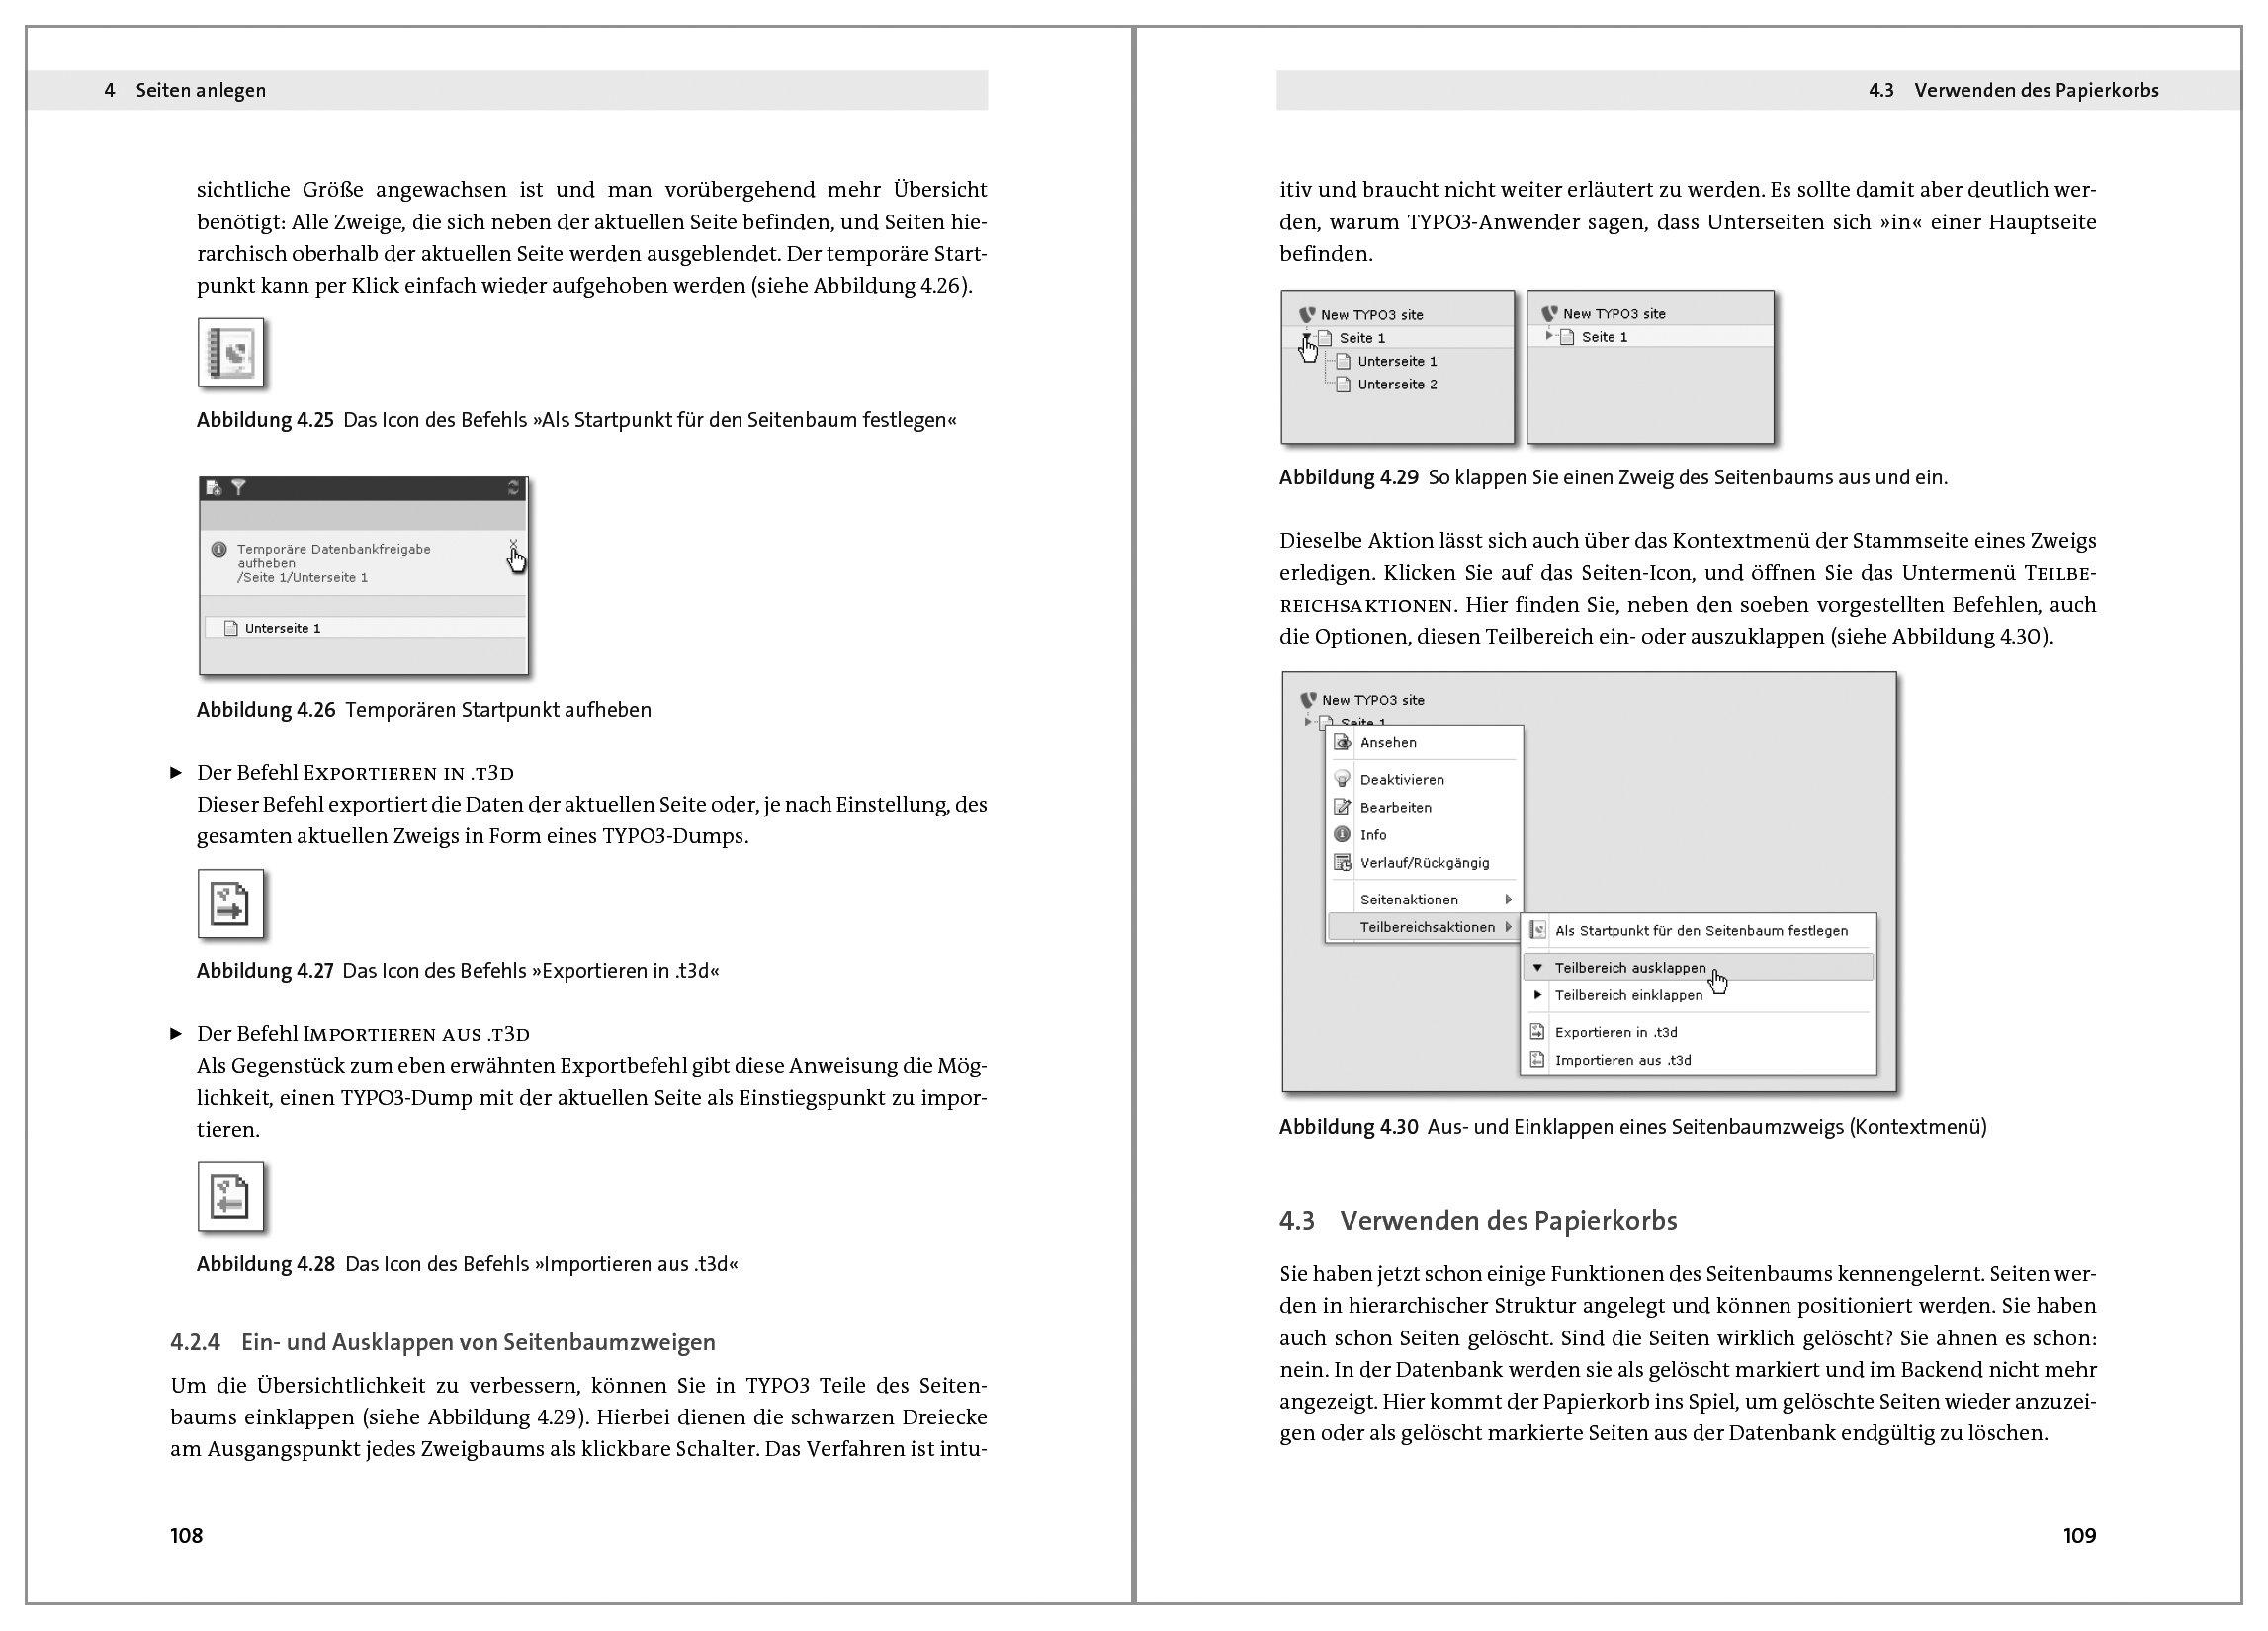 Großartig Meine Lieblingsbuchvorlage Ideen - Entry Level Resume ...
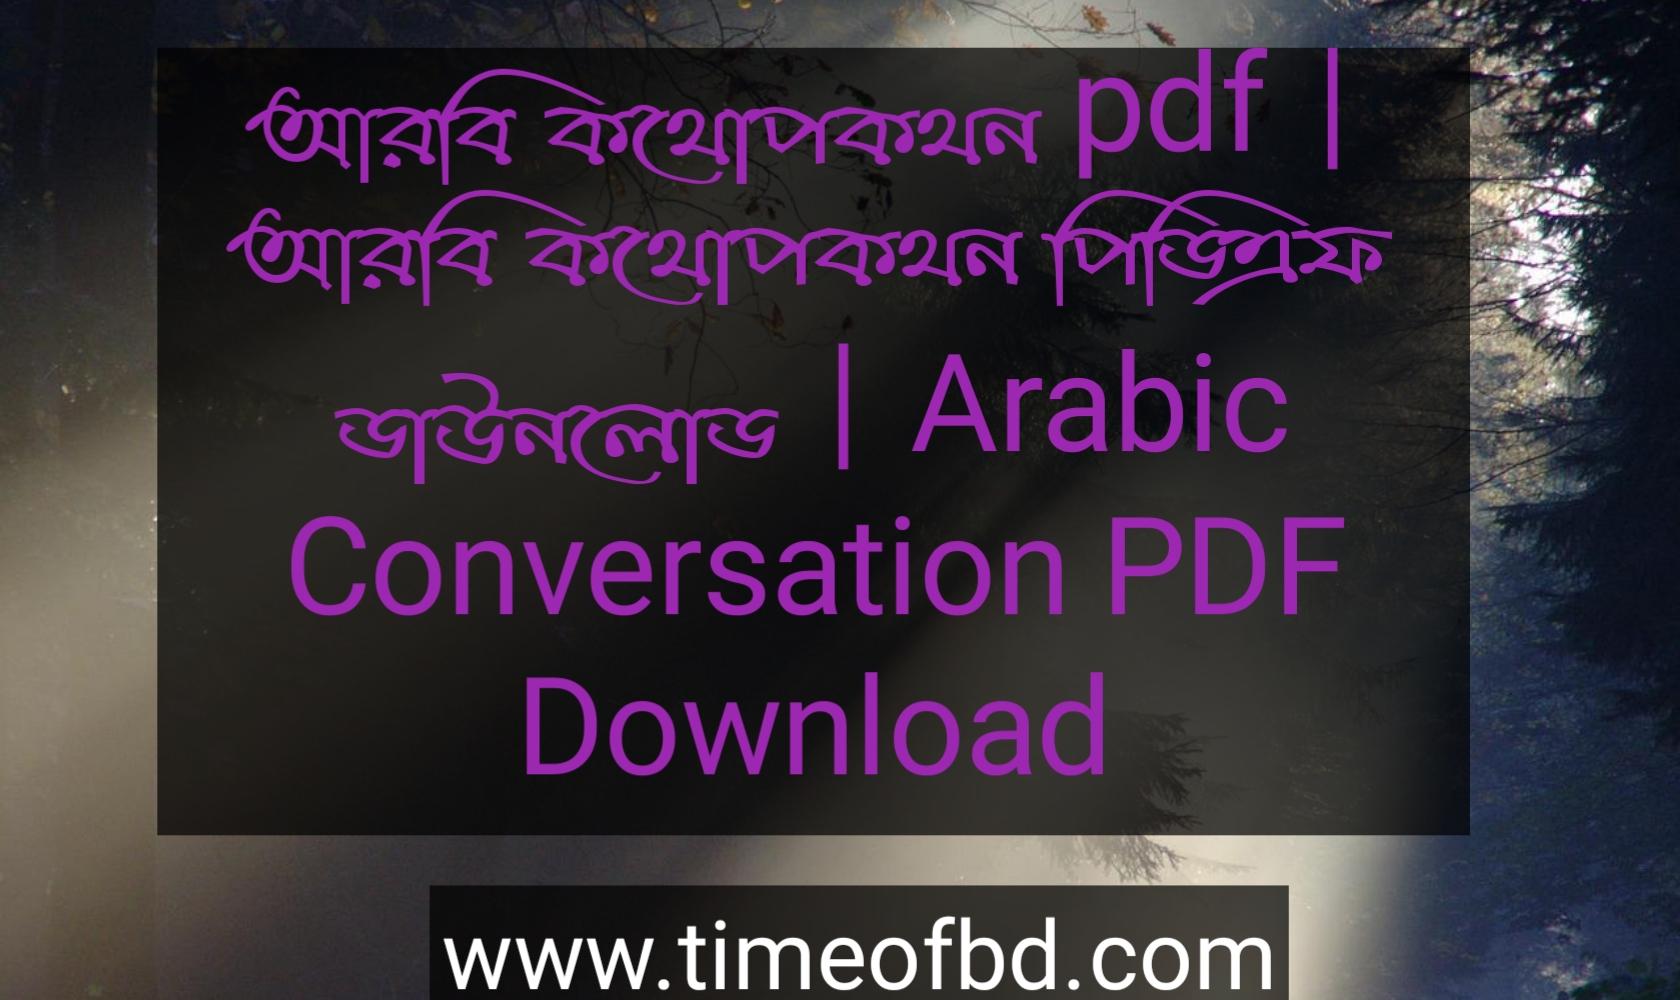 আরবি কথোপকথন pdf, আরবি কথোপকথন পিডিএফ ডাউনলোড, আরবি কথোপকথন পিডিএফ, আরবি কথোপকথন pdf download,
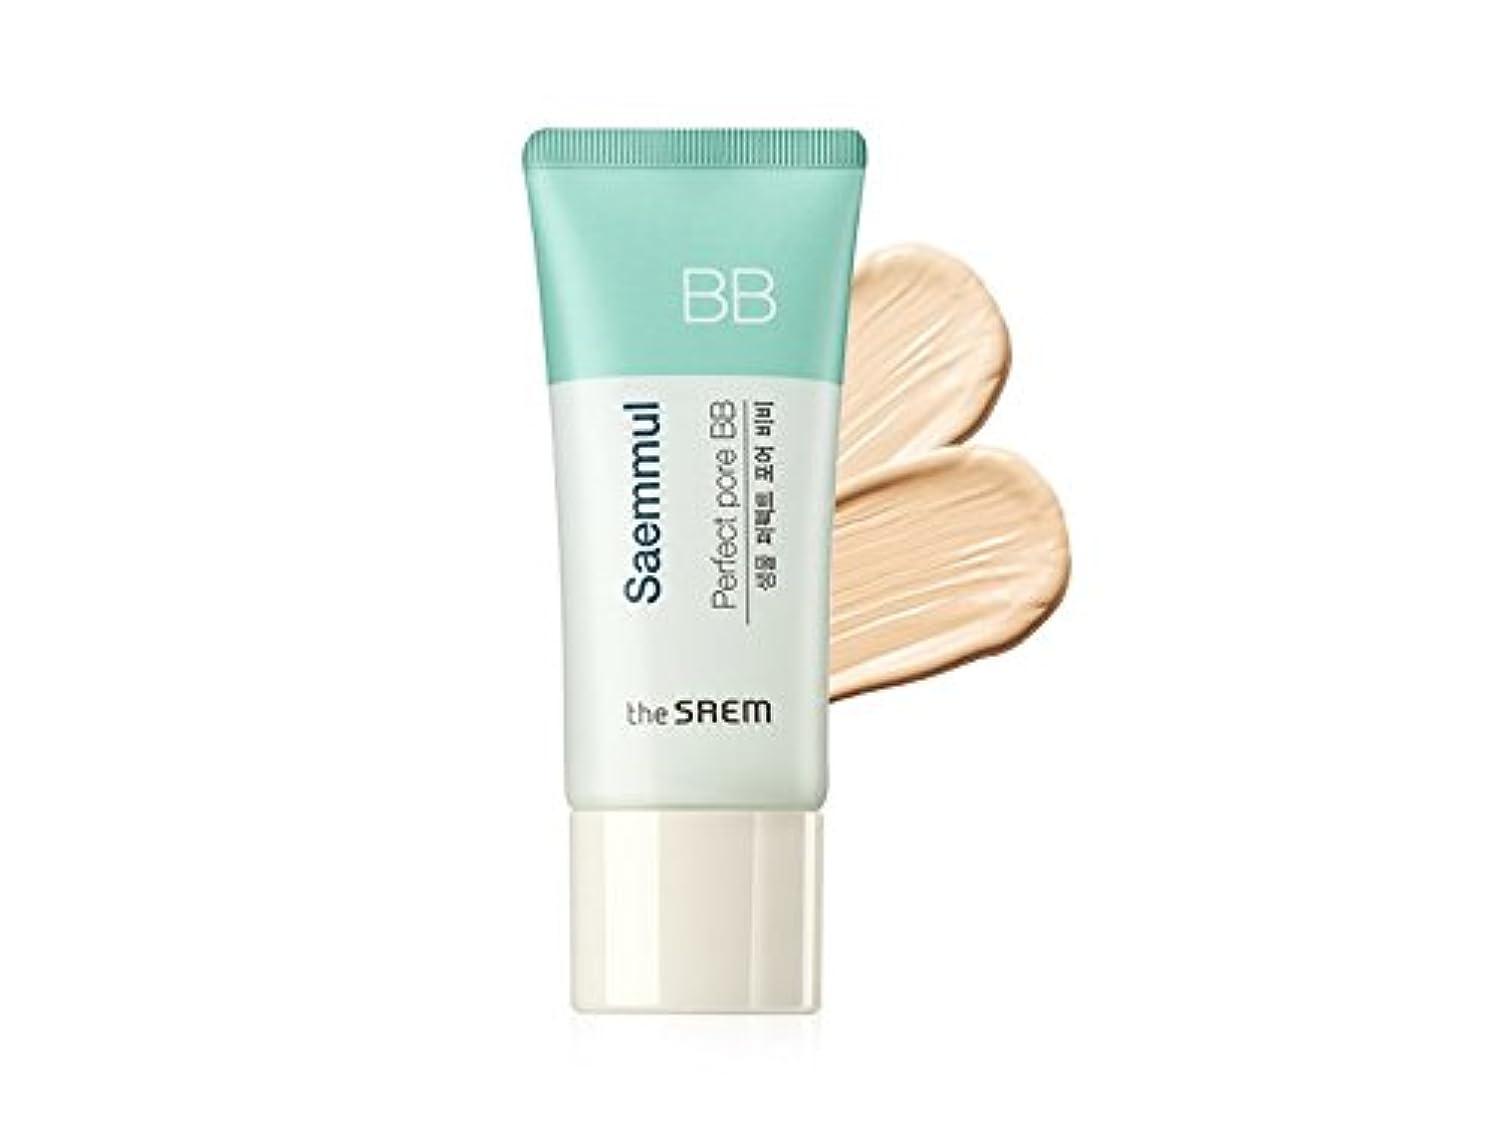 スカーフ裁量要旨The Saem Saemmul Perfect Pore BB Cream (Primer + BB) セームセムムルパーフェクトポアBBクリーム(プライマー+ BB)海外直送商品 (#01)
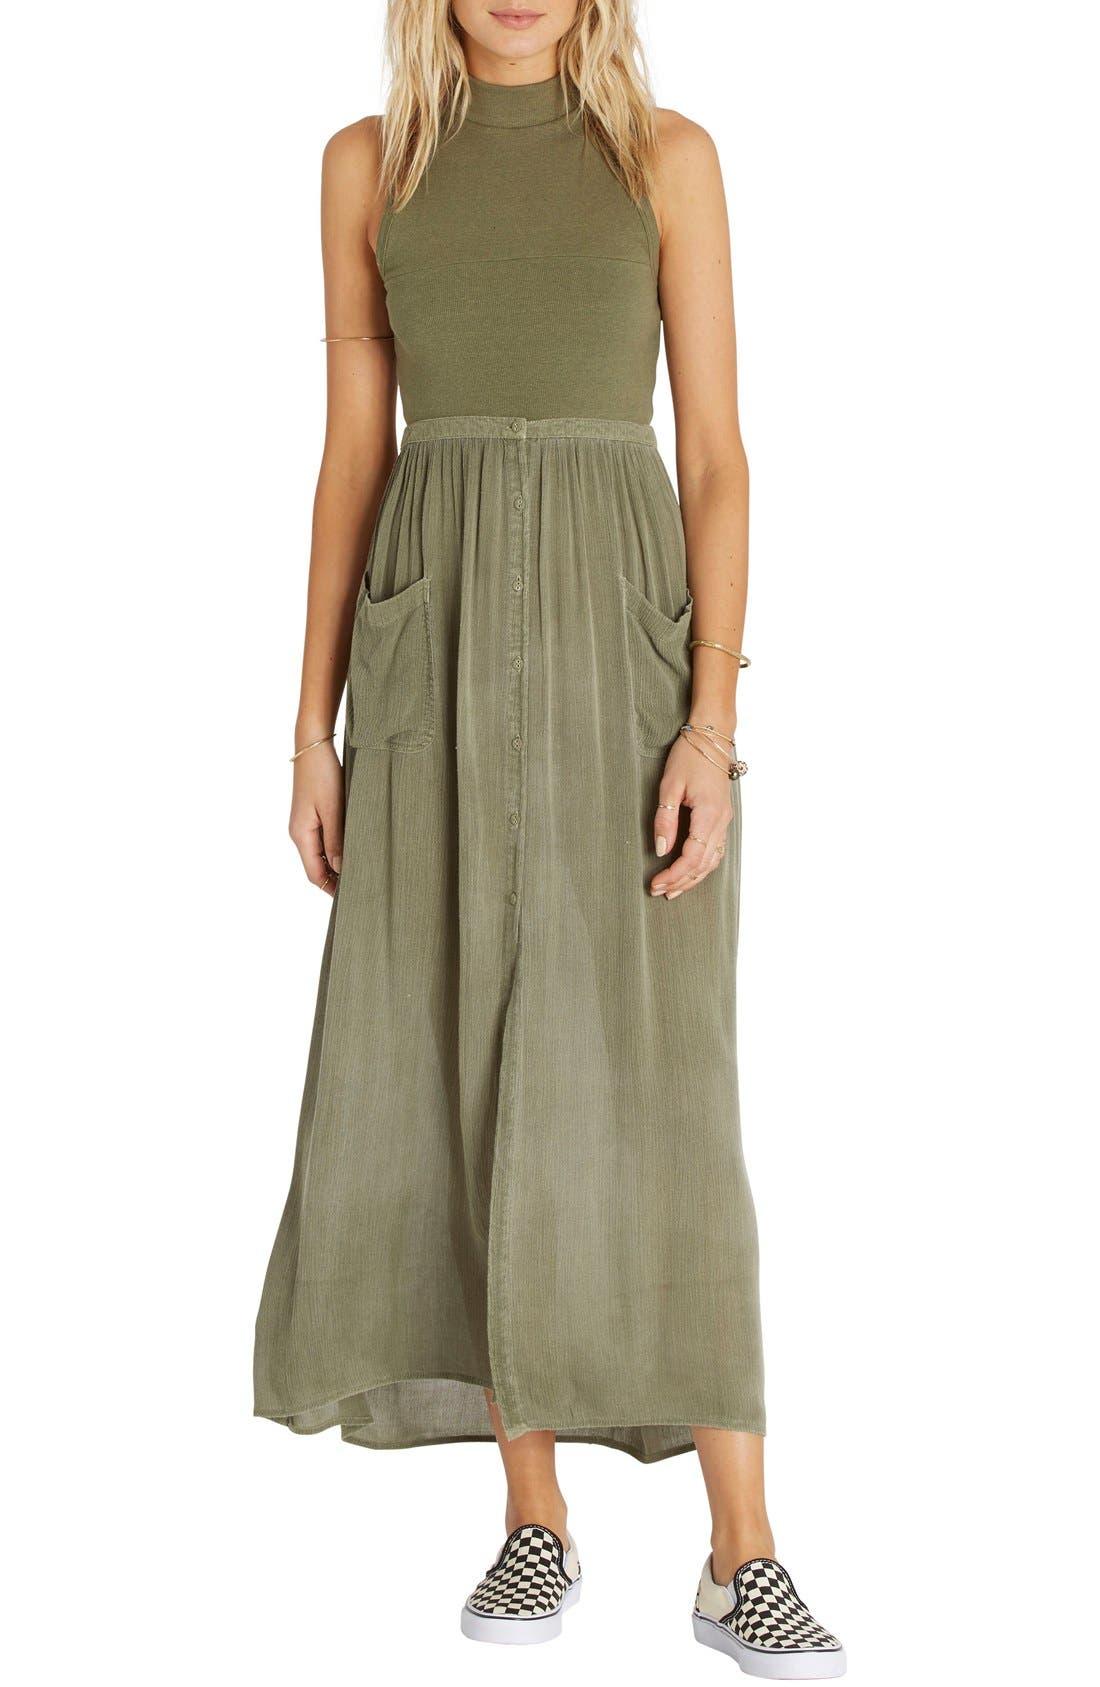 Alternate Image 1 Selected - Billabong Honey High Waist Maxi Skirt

REQUIREMENT -> Repeat the data exactly as written, but without the pictures.

RESPONSE FOR THIS EXERCISE ->
 Großartig Meine Lieblingsbuchvorlage Ideen - Entry Level Resume ...
 আরবি কথোপকথন pdf, আরবি কথোপকথন পিডিএফ ডাউনলোড, আরবি কথোপকথন পিডিএফ, আরবি কথোপকথন pdf download,
 スカーフ裁量要旨The Saem Saemmul Perfect Pore BB Cream (Primer + BB) セームセムムルパーフェクトポアBBクリーム(プライマー+ BB)海外直送商品 (#01)
 Alternate Image 1 Selected - Billabong Honey High Waist Maxi Skirt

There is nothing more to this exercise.